To see the impact of this change, consider a single mother with children aged 4 and 7 who works part time around her children’s schedule as a cashier in a convenience store and makes $12,000. Under current law, her family receives a Child Tax Credit of $1,425 — effectively a partial credit for one child and no credit for the second child. Under the Romney plan’s phase-in structure, even excluding the plan’s increase in the maximum credit, the family would receive $4,000. (With the plan’s increase in the maximum credit, the family would receive $7,200.)

Or consider a family with $6,000 of earnings in a year and two school-age children, who also would significantly benefit from the phase-in structure of the Romney plan. Under current law, this family receives just $525. Under the Romney plan (including the increase in the maximum credit), the family would receive $1,800 per child — less than the maximum credit of $3,000, but a significant increase over current law.
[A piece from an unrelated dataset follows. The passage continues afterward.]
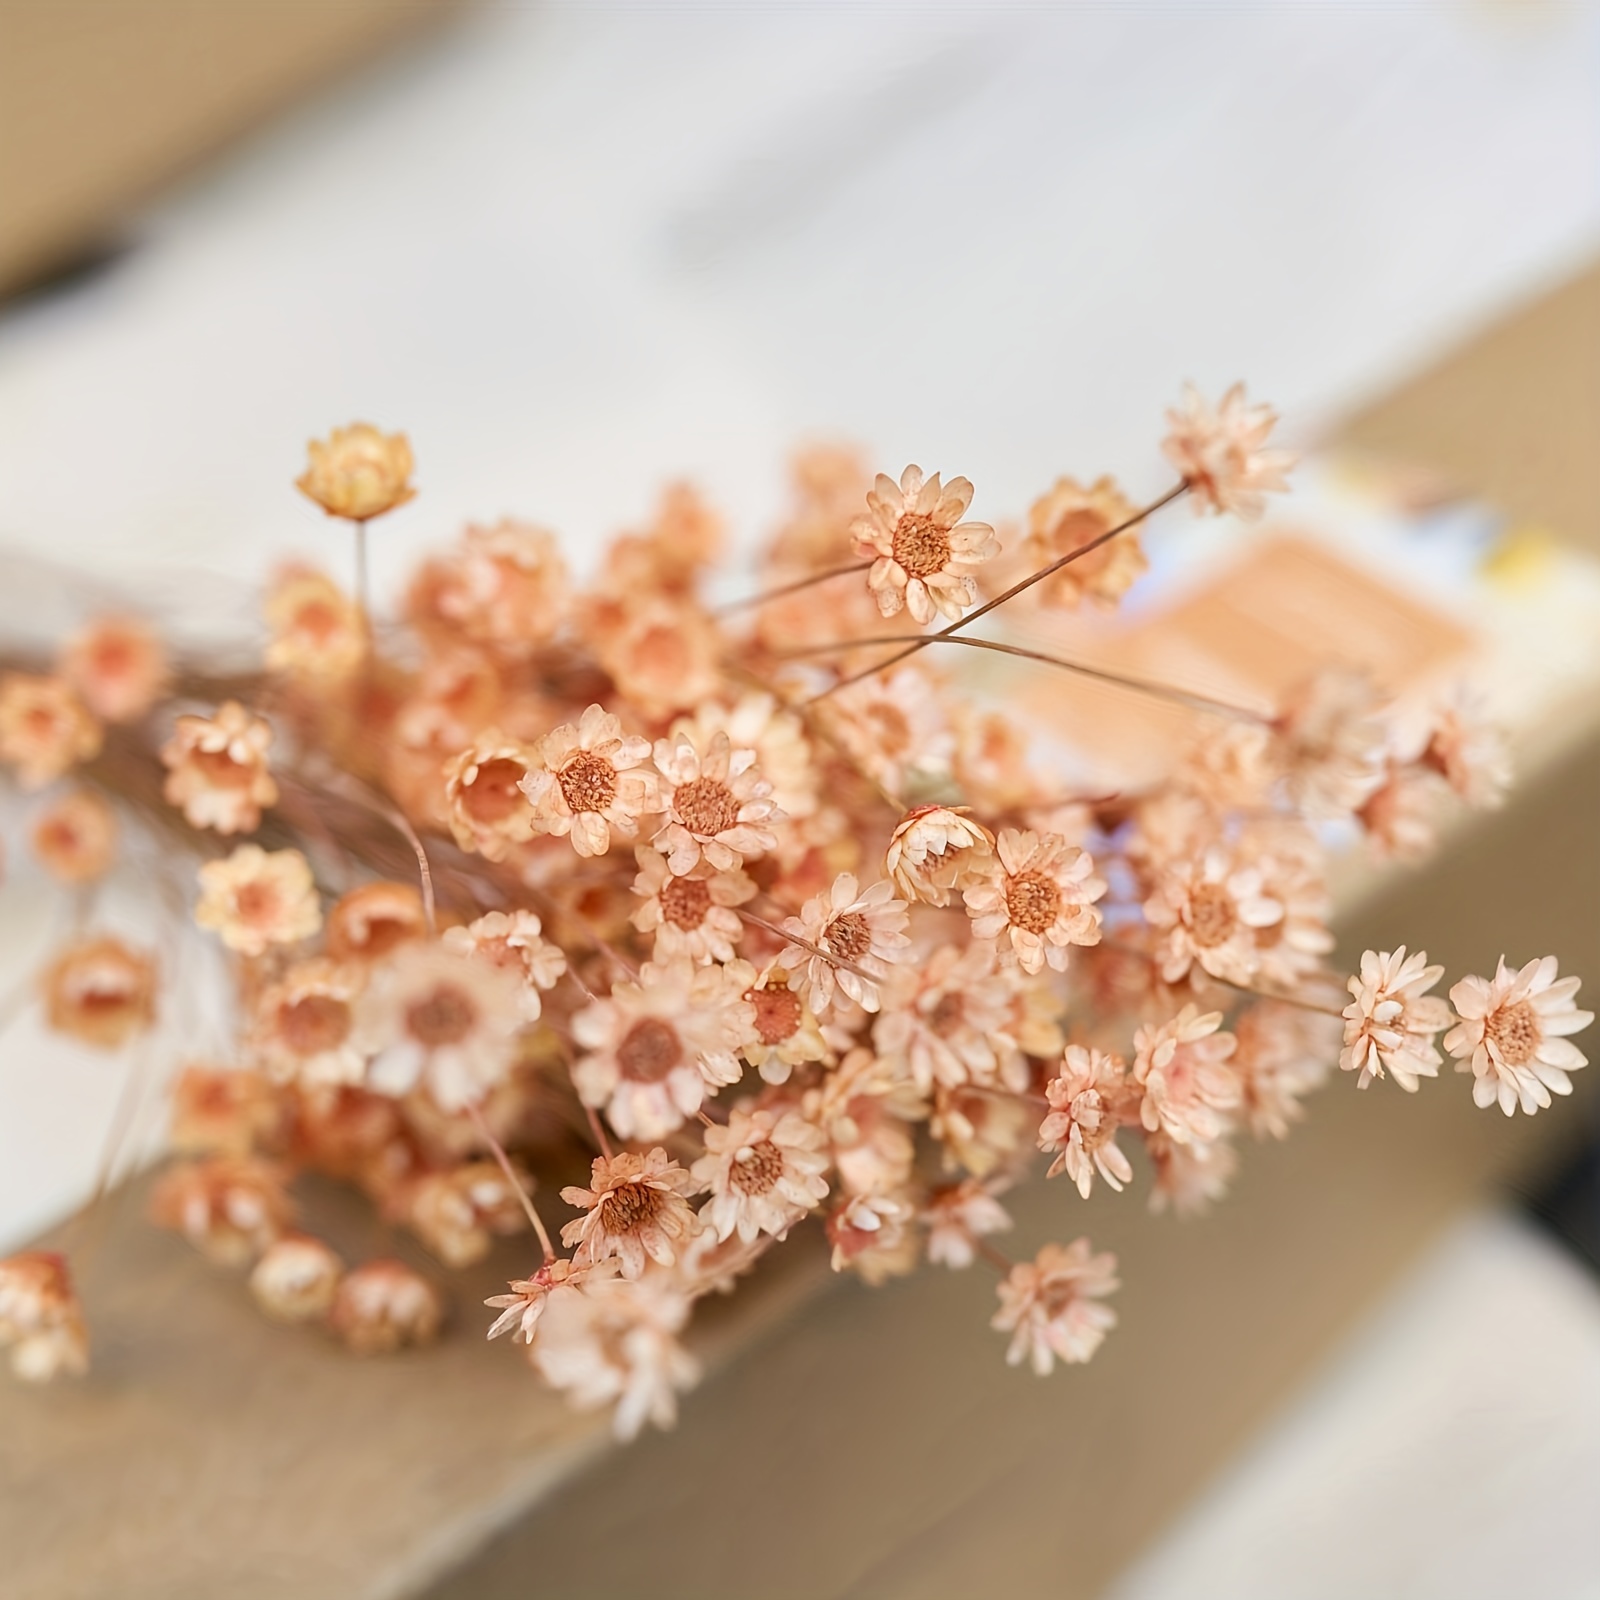 Mélange fleurs séchées alimentaires, Mirontaine - LE TEMPS DES ENVIES

But the plan has several problematic elements, most notably its offsets to pay for its Child Tax Credit improvements. The plan would have families with low incomes — especially single-parent families — pay for a major share of a proposal that should put top priority on boosting their incomes and that its sponsors describe as a major advance for families and children.
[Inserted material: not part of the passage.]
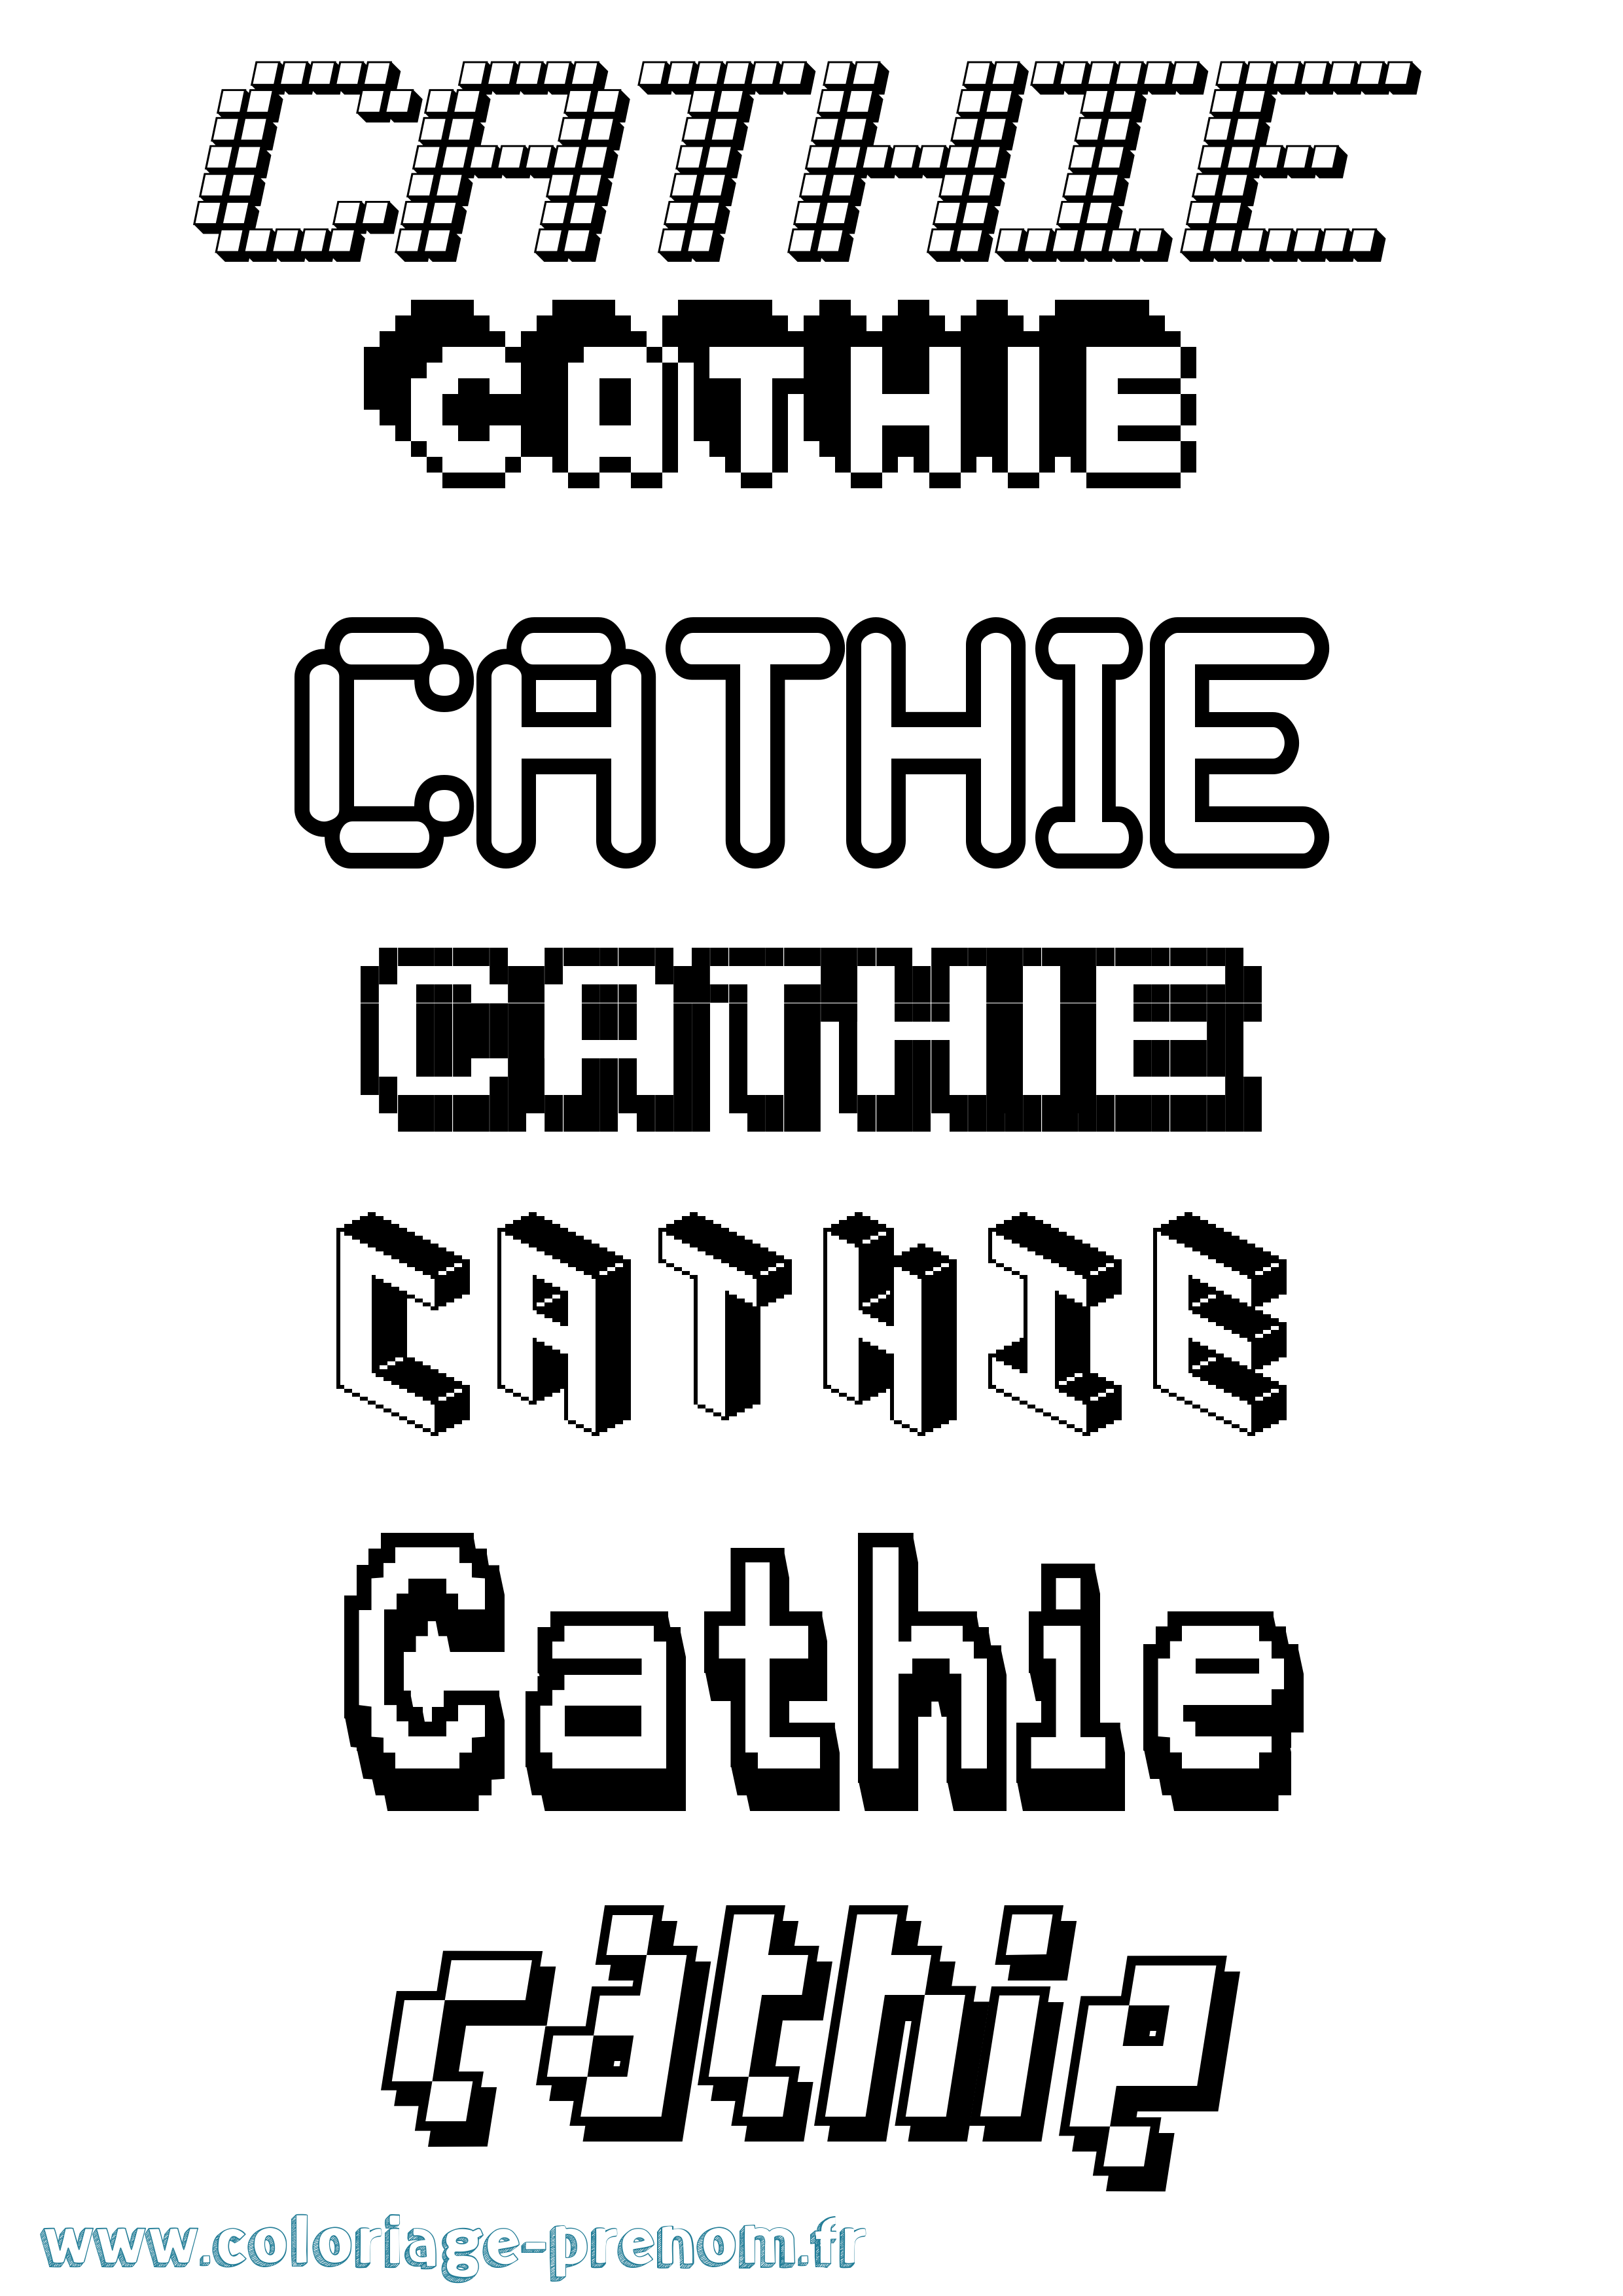 Coloriage prénom Cathie Pixel

The plan would dramatically cut the Earned Income Tax Credit (EITC), which boosts the incomes of workers with low and moderate incomes; the cut would be much larger for single-parent families than for married-couple families. The plan also would eliminate the “head of household” tax filing status, which millions of single parents who work at low-paying jobs use when they file their income tax returns. (The head-of-household filing status provides a standard deduction that’s larger than for single individuals without dependents but smaller than for married couples.)

The EITC and head-of-household changes cut in half, from 2.6 million to 1.3 million, the number of children whom the plan would lift above the poverty line. By comparison, simply making the current maximum credit of $2,000 per child available to all poor children would lift 1.7 million children above the poverty line.
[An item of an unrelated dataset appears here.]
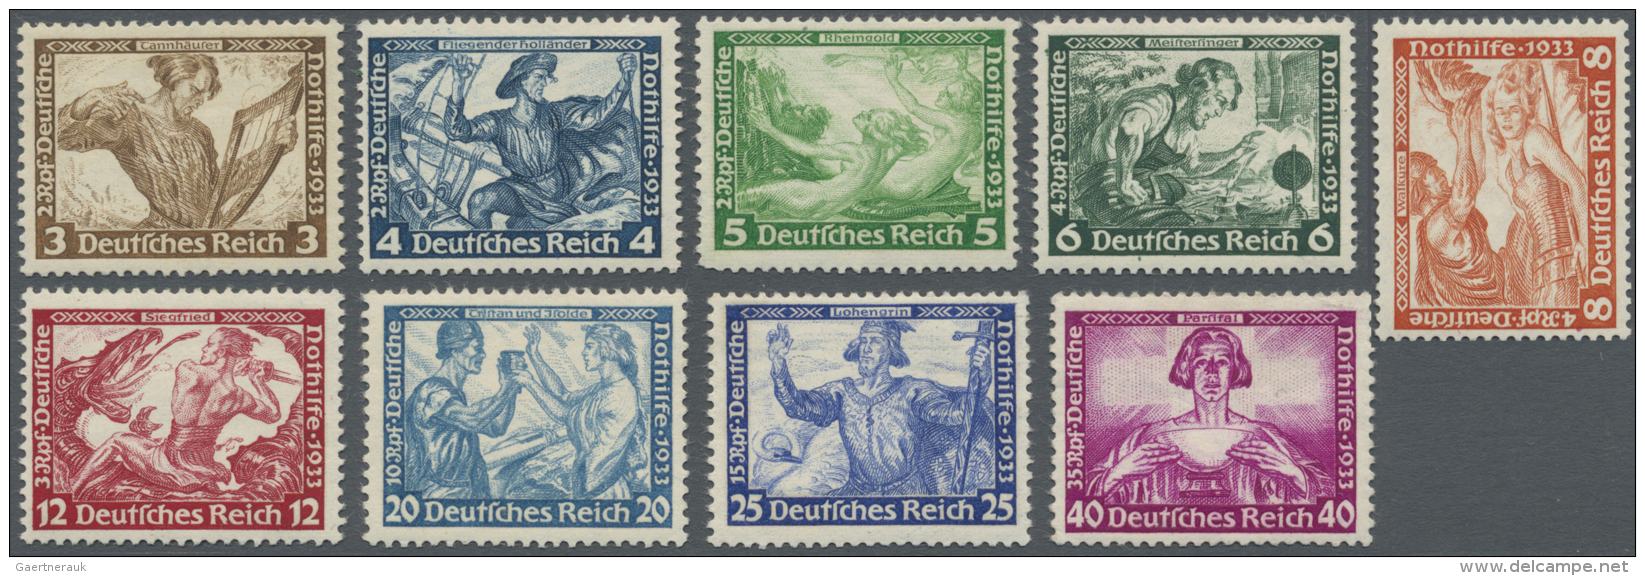 Deutsches Reich - 3. Reich: 1933: Wagner 3 Pfg. Bis 40 Pfg., Postfrischer Kabinettsatz Billigst Gerechnet Michel 2.400,- - Neufs

Because of those EITC and head-of-household changes, about 10 million children in families with incomes below $50,000 would see their family’s income cut under the Romney plan, despite the increase in their Child Tax Credit. For example, a single mother who has a daughter in fourth grade and a son in first grade and who makes $25,000 at a child care center would lose $1,665 under the Romney plan. A large majority of single parents with incomes between roughly $16,000 and $40,000 would have their incomes cut.

Even as the Romney plan would cut the incomes of millions of low- and moderate-income families, it would provide the full increase in the Child Tax Credit to married-couple families with incomes up to $400,000 and single-parent families with incomes up to $200,000. Some of these families would lose from the head-of-household change and the plan’s elimination of the non-refundable Child and Dependent Care Tax Credit for children, but many high-income married couples would benefit from the full increase in the maximum credit and face no offsetting tax increases.

In sum, the Romney plan falls short of providing full refundability for the Child Tax Credit, which should be the top priority in any expansion of the credit. Policymakers also should reject outright the plan’s offsets targeting single mothers, as well as a new restriction it would impose on families that include immigrants. (See our report for details.) But the Romney Child Tax Credit proposal itself, with its faster phase-in and higher maximum credit, is much better than current law and creates an opening for bipartisan action later this year, and our report explains how it could be improved in ways that could garner bipartisan support.